Posted on 11/15/2018 6:21:42 AM PST by Kaslin

Times change, attitudes change, and (thankfully) hairstyles change. In the last few years we’ve been witness to one amazing change that is surprising in its speed – the idea that adults should be allowed to smoke marijuana, either for medical purposes or because they want to. There’s no reason to think this trend will ever reverse itself.

In the interest of full disclosure, while it’s been more than a decade, I am intimately familiar with marijuana. I didn’t experiment with it, I majored in it in college. But, like most people, I grew out of it. I didn’t make a conscious stop, I just stopped. There comes a certain point when you just don’t do the things you did when you were young, I suppose that’s a roundabout way of saying we grow up.

There also comes a point where everyone (or at least most people) decide they’d rather be able to pass a drug test for a job or not get arrested for possession and walk away.
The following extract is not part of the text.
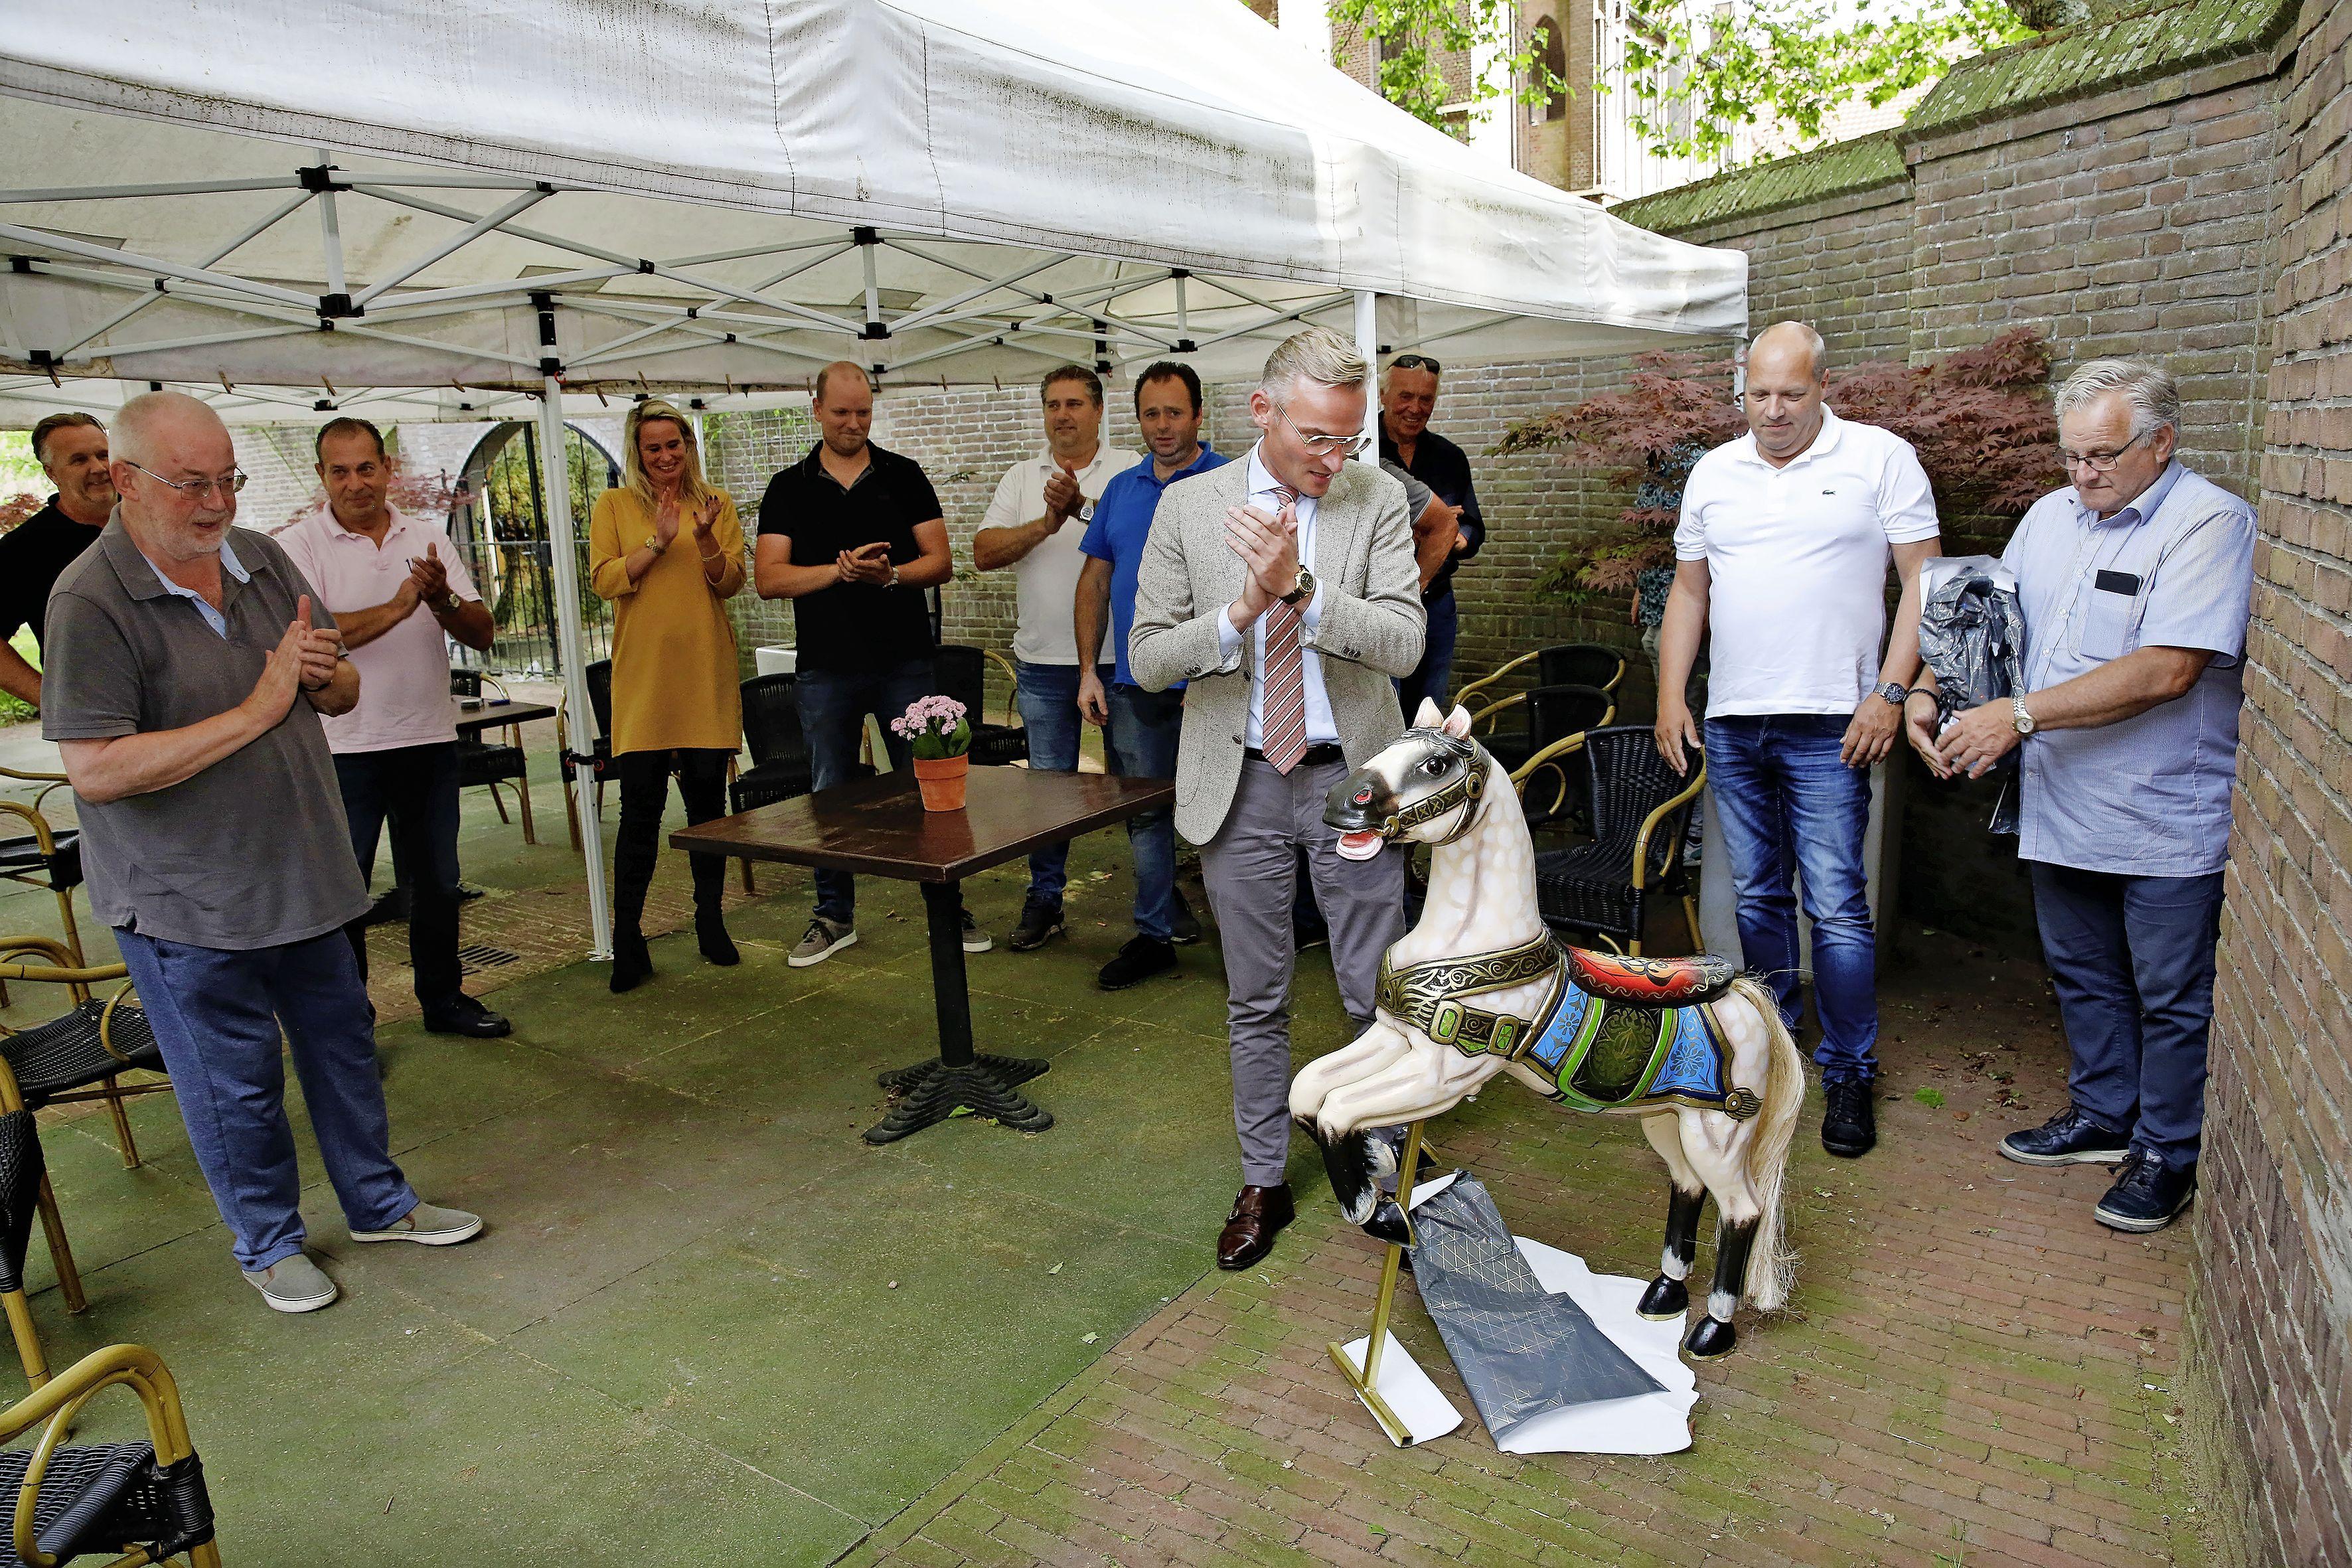 Kermisexploitanten overhandigen kermispaard aan Larense burgemeester; 'Hoe mooi om al die botsauto's weer te zien krioelen. Ik was als een kind zo blij'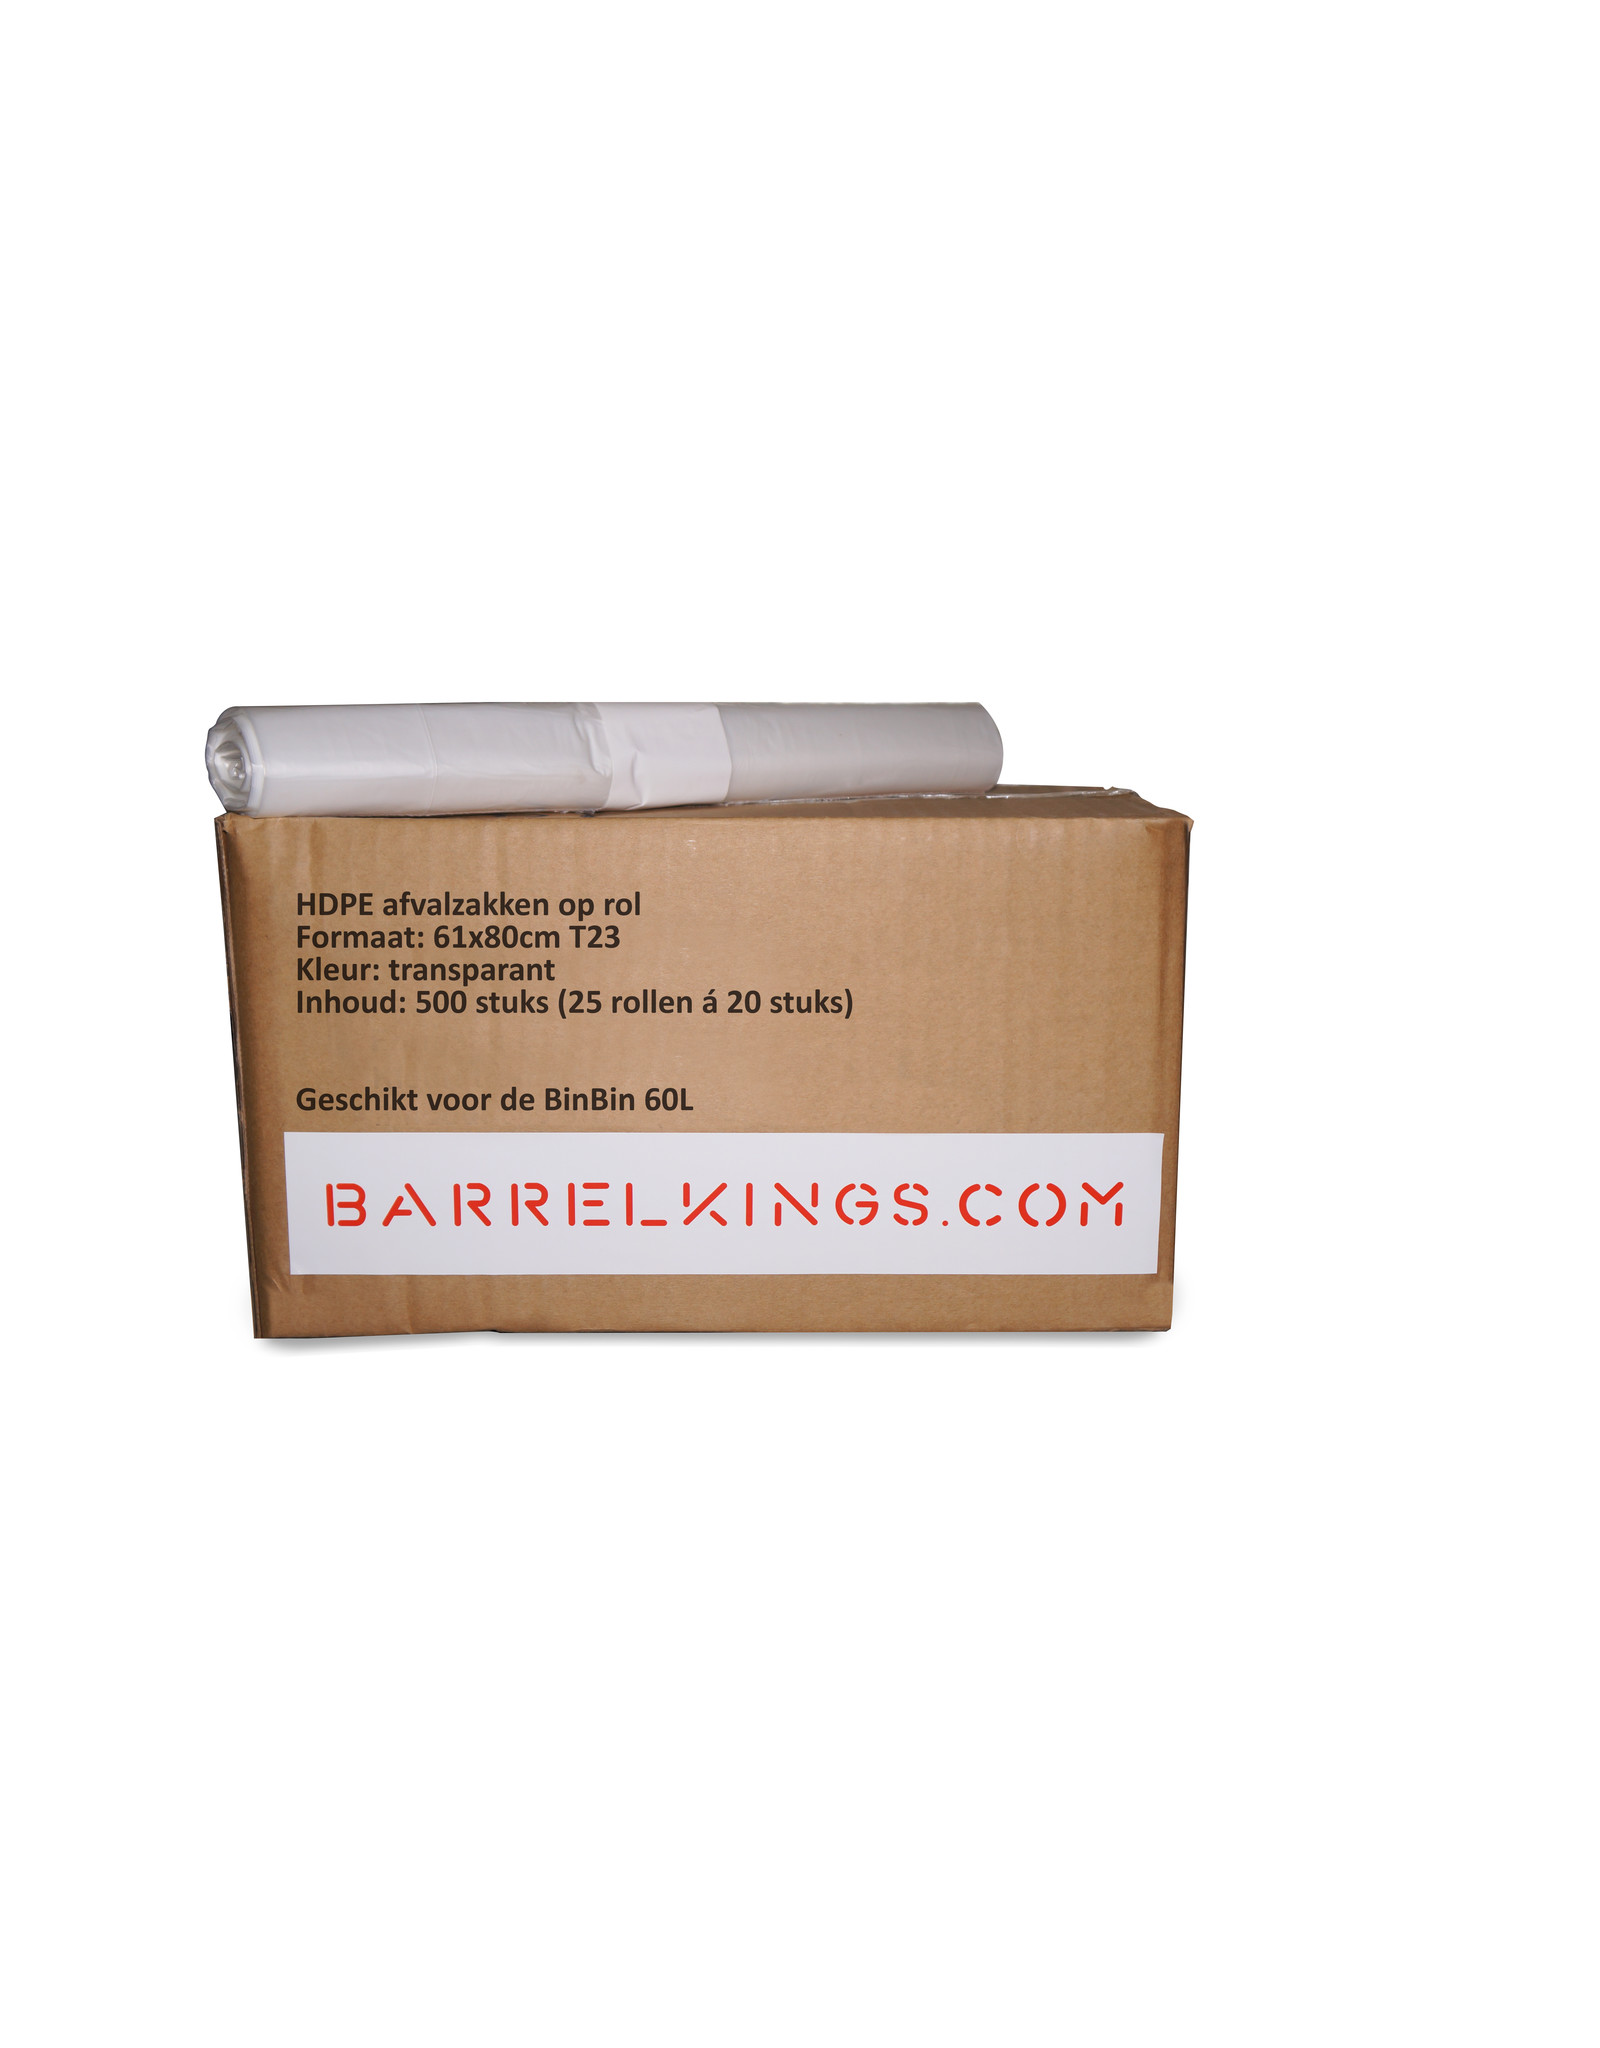 Barrelkings Afvalzak BinBin 60 L Transparant 500st.

When I think of all the stupid things I did in my 20s, not only were I and my friends lucky to avoid arrest, we’re lucky to be alive. I’m not unique in that.

When I “smoked down,” I knew I was breaking the law, but I never gave it a moment’s thought. It was usually at parties or with friends, it was just what we did. We’re older now and we don’t do those things anymore – parties have seen joints and keg stands replaced with wine and dinner, and we now have kids. We’ve changed. And so have attitudes.

In last week’s election, weed was on the ballot in 4 states – Michigan, North Dakota, Utah, and Missouri. The pro-pot sentiment won in all but North Dakota.

Michigan, where I grew up, essentially legalized pot (where was this when I was a kid?), while Missouri and Utah (UTAH!) legalized medical marijuana.

I’ve always been in favor of medical marijuana, I think the sick and dying should be able to do pretty much whatever they want to alleviate their suffering, and even if it just increases their appetites, more power to them. But I have had reservations about recreational use.

Part of me, cynically, likes to joke that when I was young I had to know a guy who knew a guy and go to a place, etc., in order to buy an eighth, so why should kids nowadays have it so easy? I risked arrest and more, and now people want to be able to go to store? It helped, I joked, meet people and learn to read and trust or distrust people – there was one friend I knew in college I’d not only never buy from again after one experience, I avoided him altogether.

But the less-bitter answer is I would have been fine with marijuana being legal if there was a way to know whether someone was driving while high, meaning high at that moment and not the weekend before. To my knowledge, there still isn’t a test to tell the difference – it’s either in your system or it’s not.

That’s neither here nor there. As is often the case with societal attitudes, they change even if you don’t. I have.

Through a combination of inevitability and my libertarian streak, I’m now on board with legalization. I don’t know if it’ll be a good thing or not, but people have to be free to choose. It’s available and at least decriminalized throughout the country and there’s no going back.

Think of it like gambling. When I was a kid there was Vegas and Atlantic City, with the occasional small Indian casino on a reservation here and there. Then, kind of quickly, they started popping up everywhere. Detroit, where I grew up, now has 3 big casinos, for example. The predictions of doom and gloom didn’t come true. Of course, some people were hurt, gambling is addictive, but by and large it didn’t make much of a difference. People who want to gamble now don’t have to hop on a flight to Nevada or Jersey, they can get in their cars. Marijuana is going to be the same, sooner or later.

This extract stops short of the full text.